Per certi versi quest’epoca storica nasconde dei punti in comune col periodo di fine ottocento e l’inizio del secolo novecento, quando accaddero una serie di vicissitudini artistiche che stravolsero la visione del mondo, che poi è sempre la condizione fondamentale dei cambiamenti epocali, quelli che meritano spazio nei manuali scolastici di storia.
Sono almeno tre gli aspetti che ad un sociologo solleticano il palato più d’un sorso di birra gelata in un caldissimo pomeriggio di luglio: sviluppo tecnologico, incremento della velocità, ridefinizione dell’agglomerato umano secondo lo spazio ed il tempo.
Sviluppo tecnologico
Per chi come il sottoscritto ha a cuore la parola nella sua accezione più pura, la letteratura come costruzione di una identità fantasticamente possibile, ma posta al di là dello storico e che quindi necessità di una complessità sintattica e semantica molto più tecnica (precisa), rispetto per esempio alla comunicazione visiva (l’immagine) che fa della sua immediatezza comunicativa la propria peculiarità, sa bene che “le parole sono importanti”, fondamentali aggiungerei alla citazione tanto cara agli amanti del cinema di Nanni Moretti.
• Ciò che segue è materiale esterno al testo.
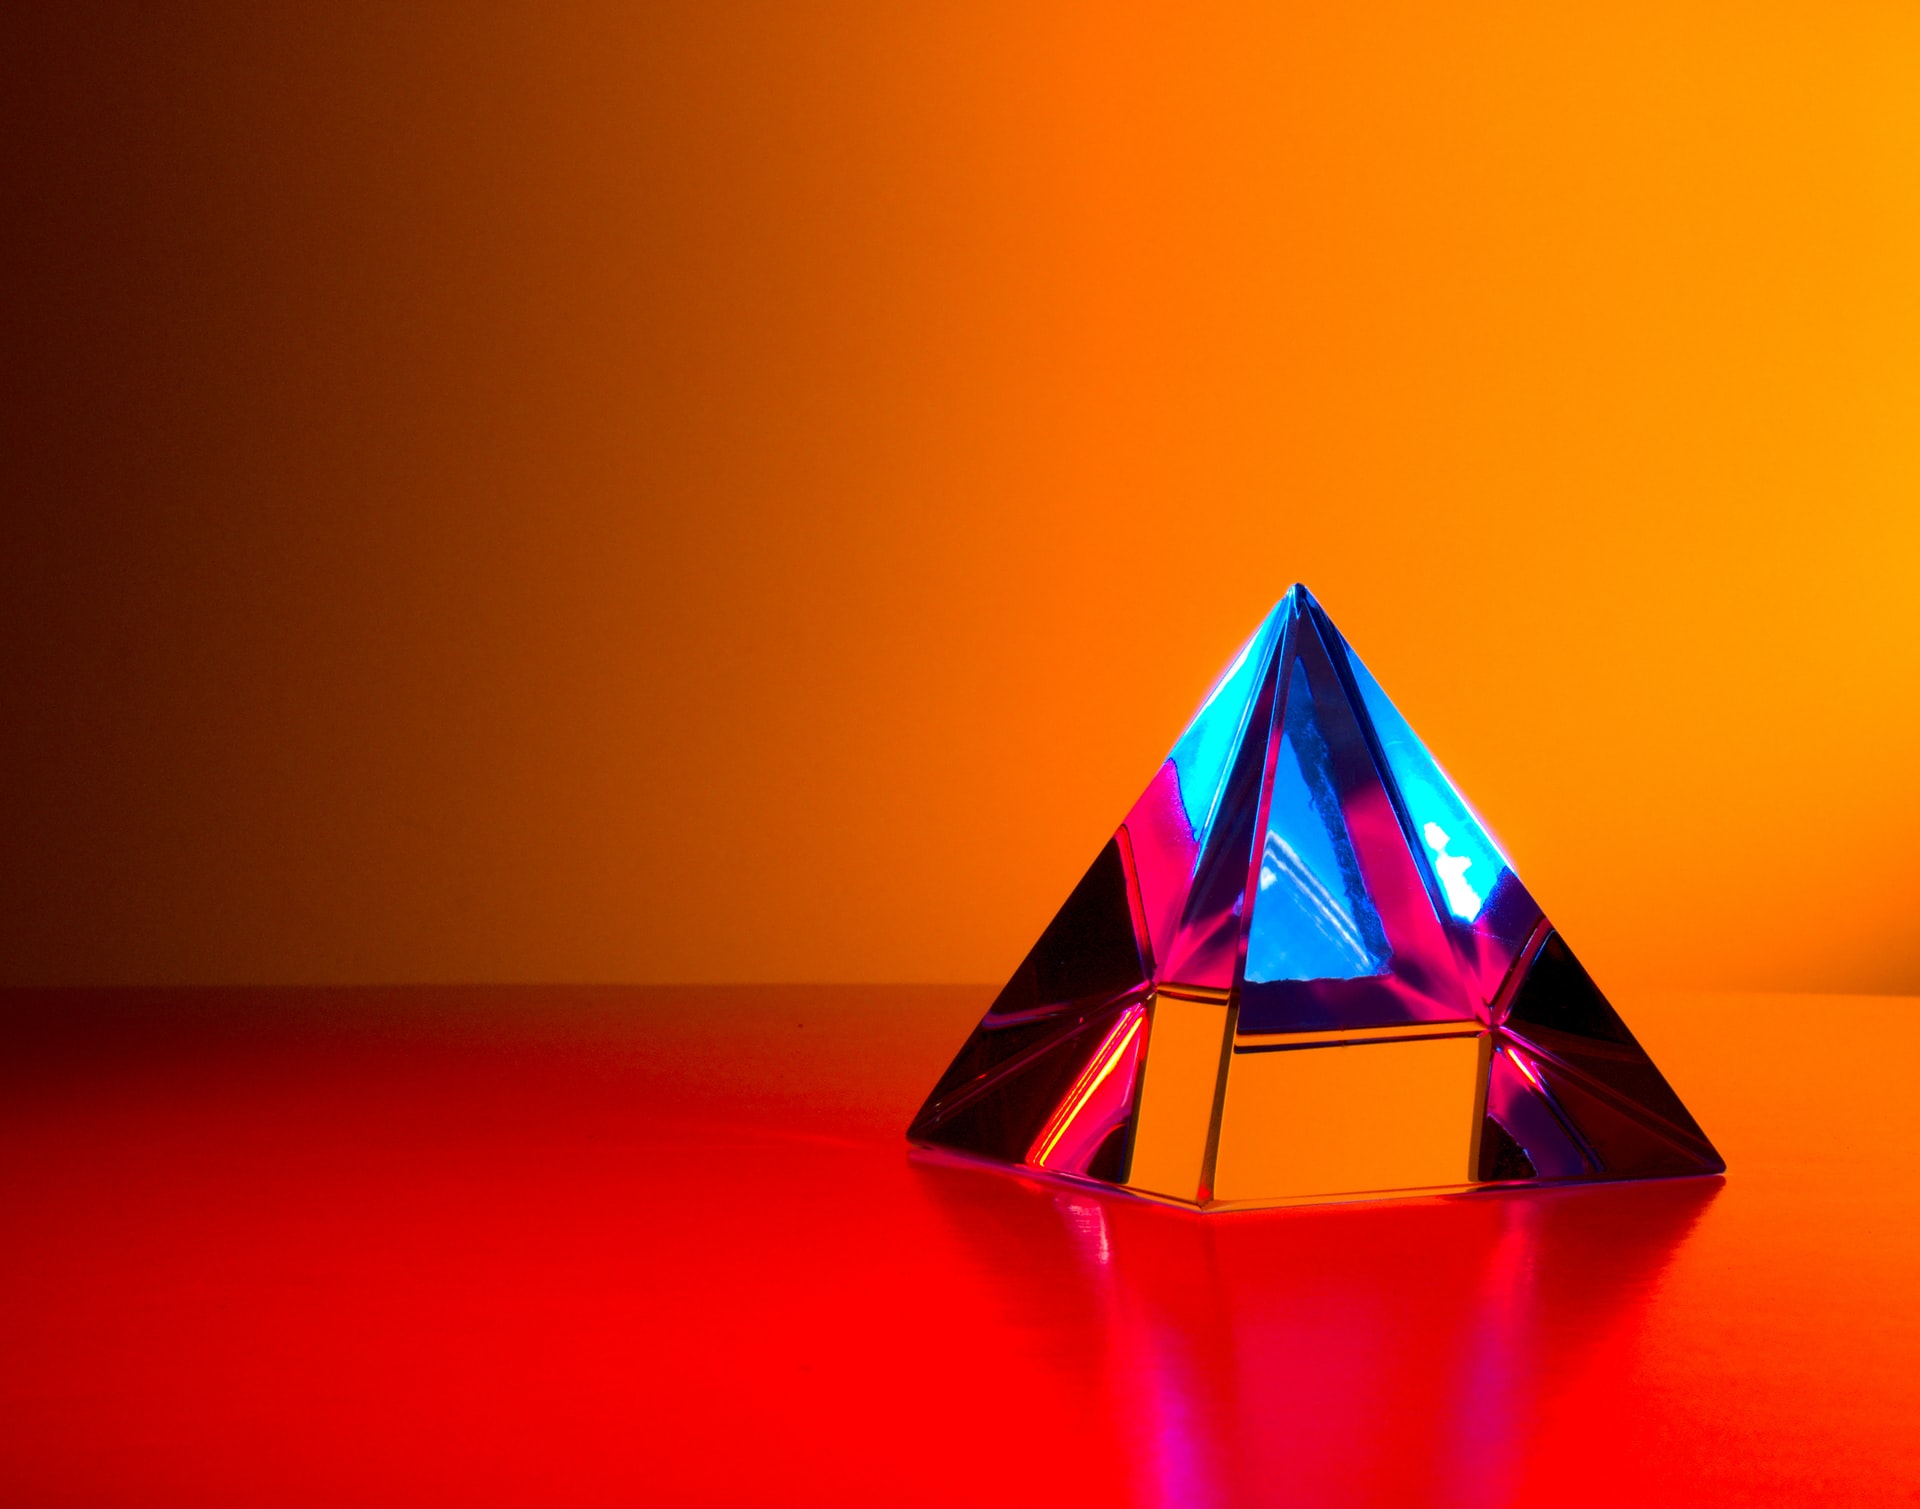 A colourful glass prism against a vibrant orange background

Una prima discussione nasce proprio rispetto all’utilizzo che ormai erroneamente si fa dei concetti di progresso e sviluppo, una vera e propria abiura semantica. Tralasciando ovviamente pedanti definizioni da dizionario, facilmente reperibili, si può partire da una prima questione: lo sviluppo è sempre positivo? In particolare: parlare di sviluppo tecnologico ha sempre una validità positiva, ci conduce sempre a un modello positivo di esistenza? L’ottimismo del filosofo francese Serres, per certi versi, mi sconcerta: “perché chiacchierano, nel vocio dei compagni chiacchieroni? (giovani studenti ndr.) Perché questo sapere annunciato ce l’hanno gia tutti. Per intero. A disposizione. Sottomano. Accessibile tramite il Web, Wikipedia, il palmare, con qualsiasi mezzo portatile. Spiegato, documentato, illustrato, con una quota di errori analoga a quella delle migliori enciclopedie. Non si ha più bisogno del portavoce di una volta, salvo che qualcuno abbia un guizzo inventivo originale, ma è raro. Fine dell’era del sapere.”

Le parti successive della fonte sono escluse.